| Data for review |
== Segment start ==

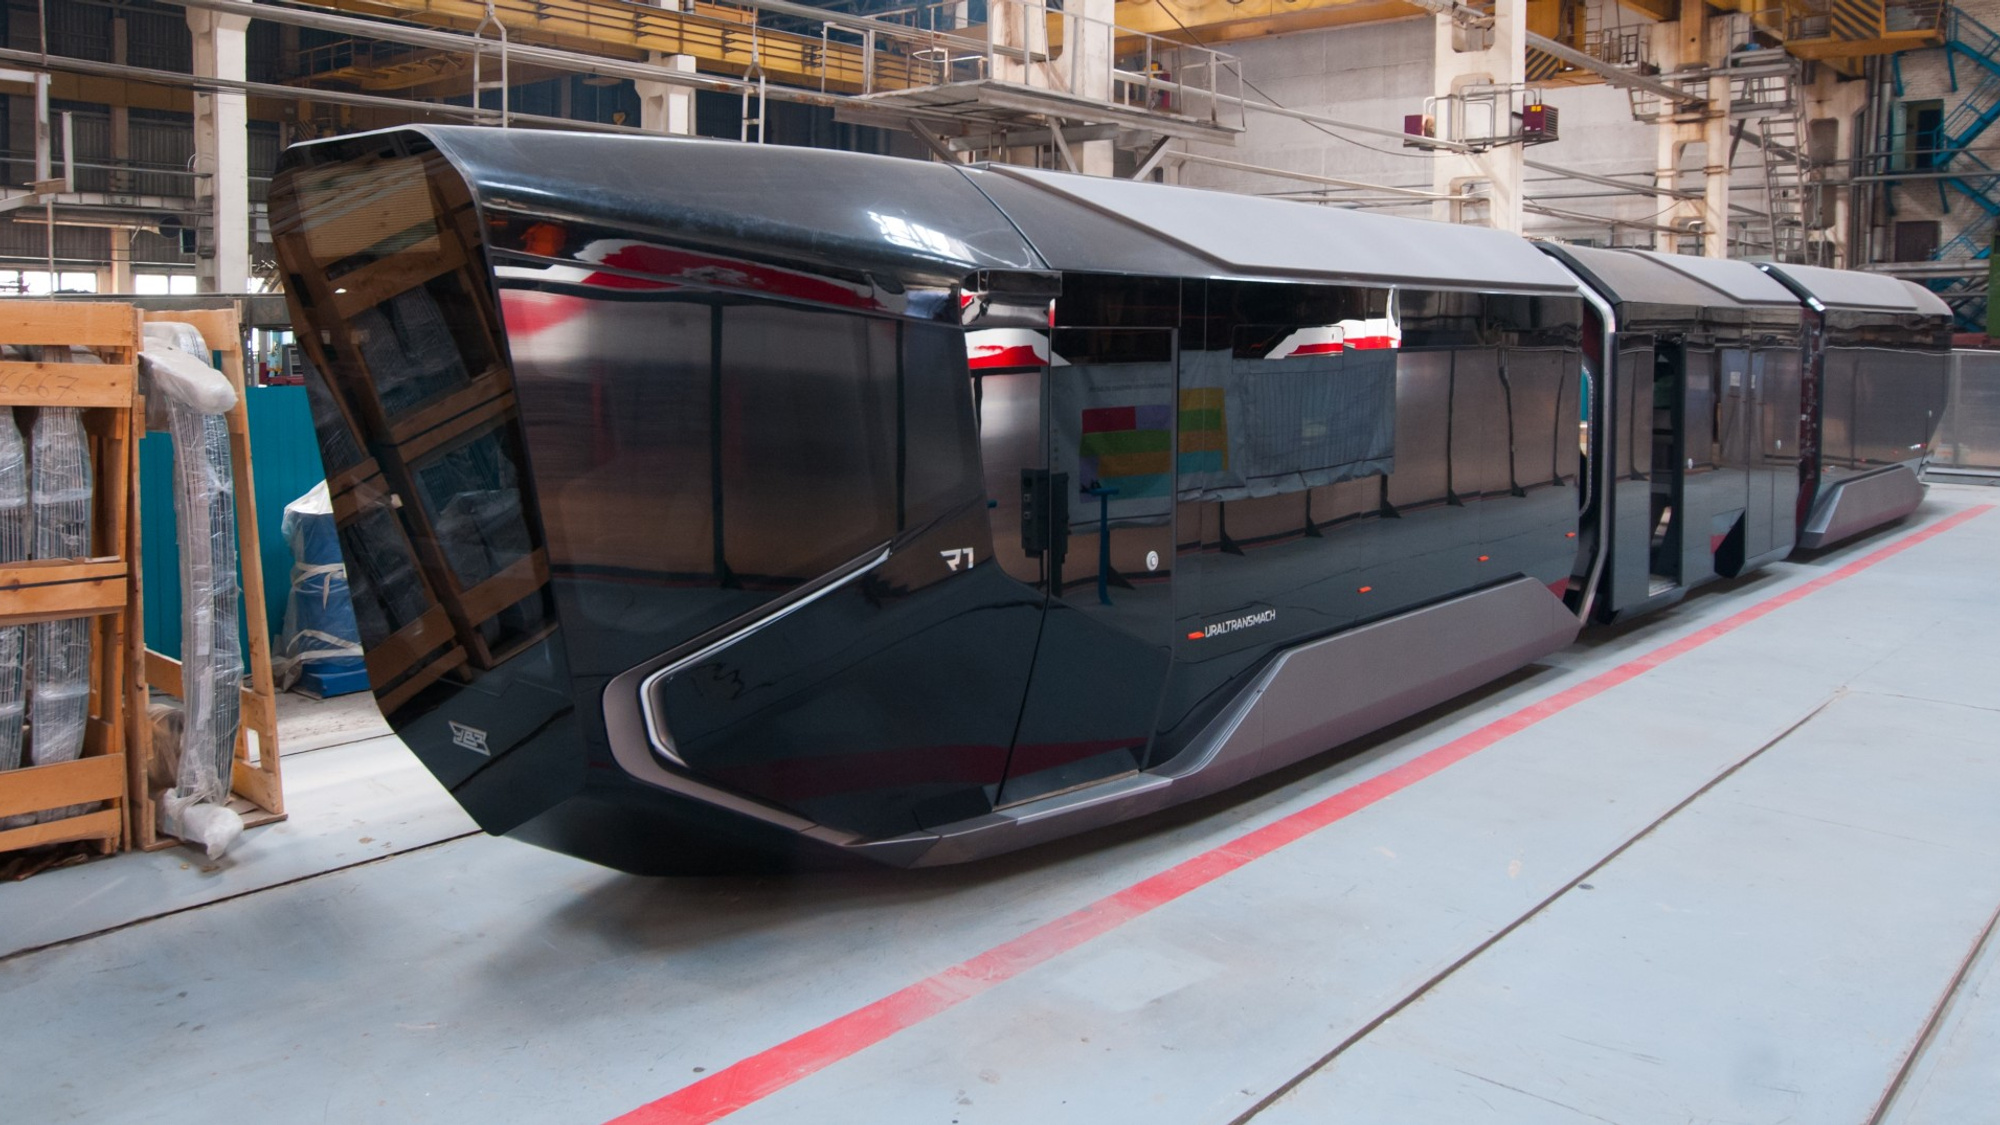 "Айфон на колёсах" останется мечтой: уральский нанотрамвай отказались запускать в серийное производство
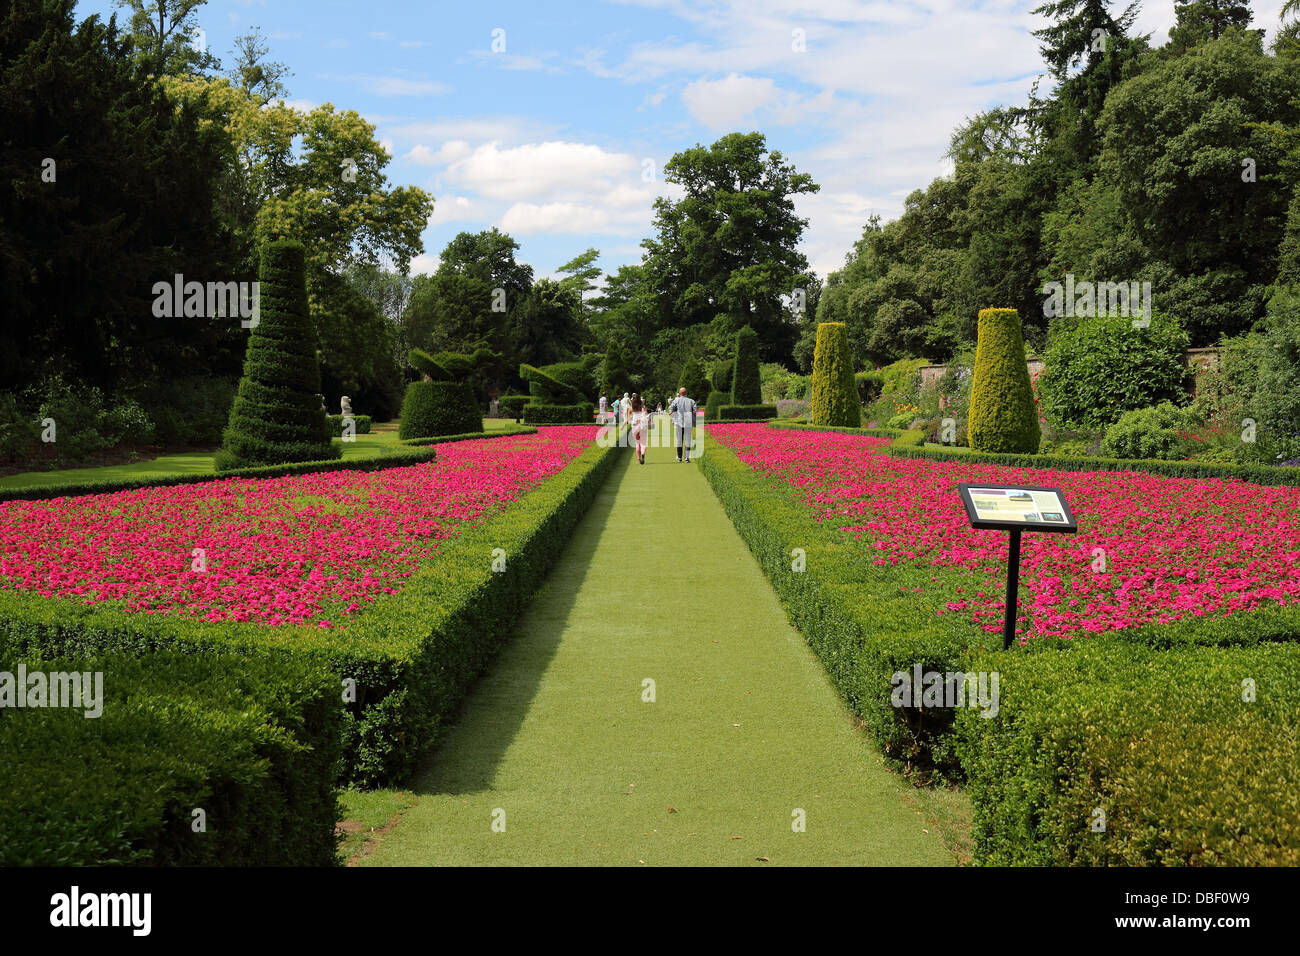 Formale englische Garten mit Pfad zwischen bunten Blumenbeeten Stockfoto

== Segment end ==
== Segment start ==

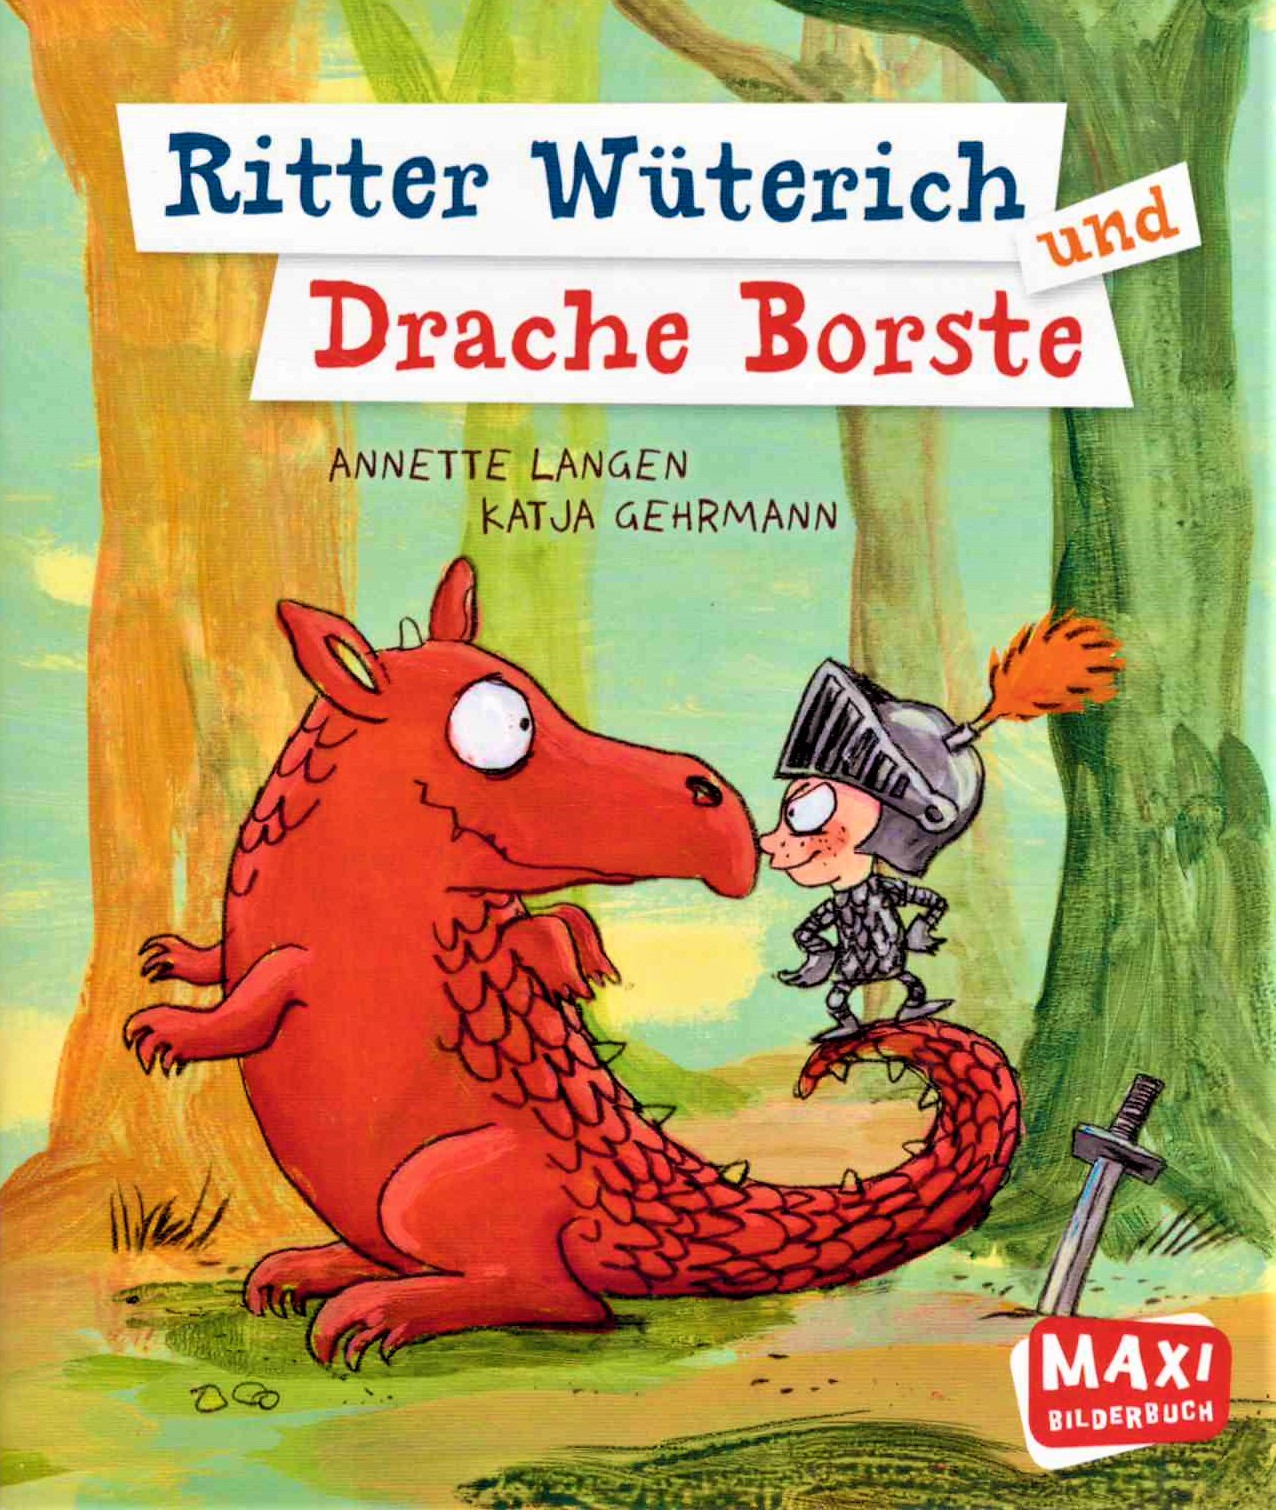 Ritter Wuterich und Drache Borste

== Segment end ==
== Segment start ==

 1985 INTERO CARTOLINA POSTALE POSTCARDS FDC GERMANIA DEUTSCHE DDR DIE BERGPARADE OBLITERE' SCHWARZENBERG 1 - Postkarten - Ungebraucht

== Segment end ==

| Exercise directions |
Above are the records; restate exactly the lines from the one containing "в серийное производство" through the one containing "Formale englische Garten", keeping pictures out.

| Response box |
 "Айфон на колёсах" останется мечтой: уральский нанотрамвай отказались запускать в серийное производство
 Formale englische Garten mit Pfad zwischen bunten Blumenbeeten Stockfoto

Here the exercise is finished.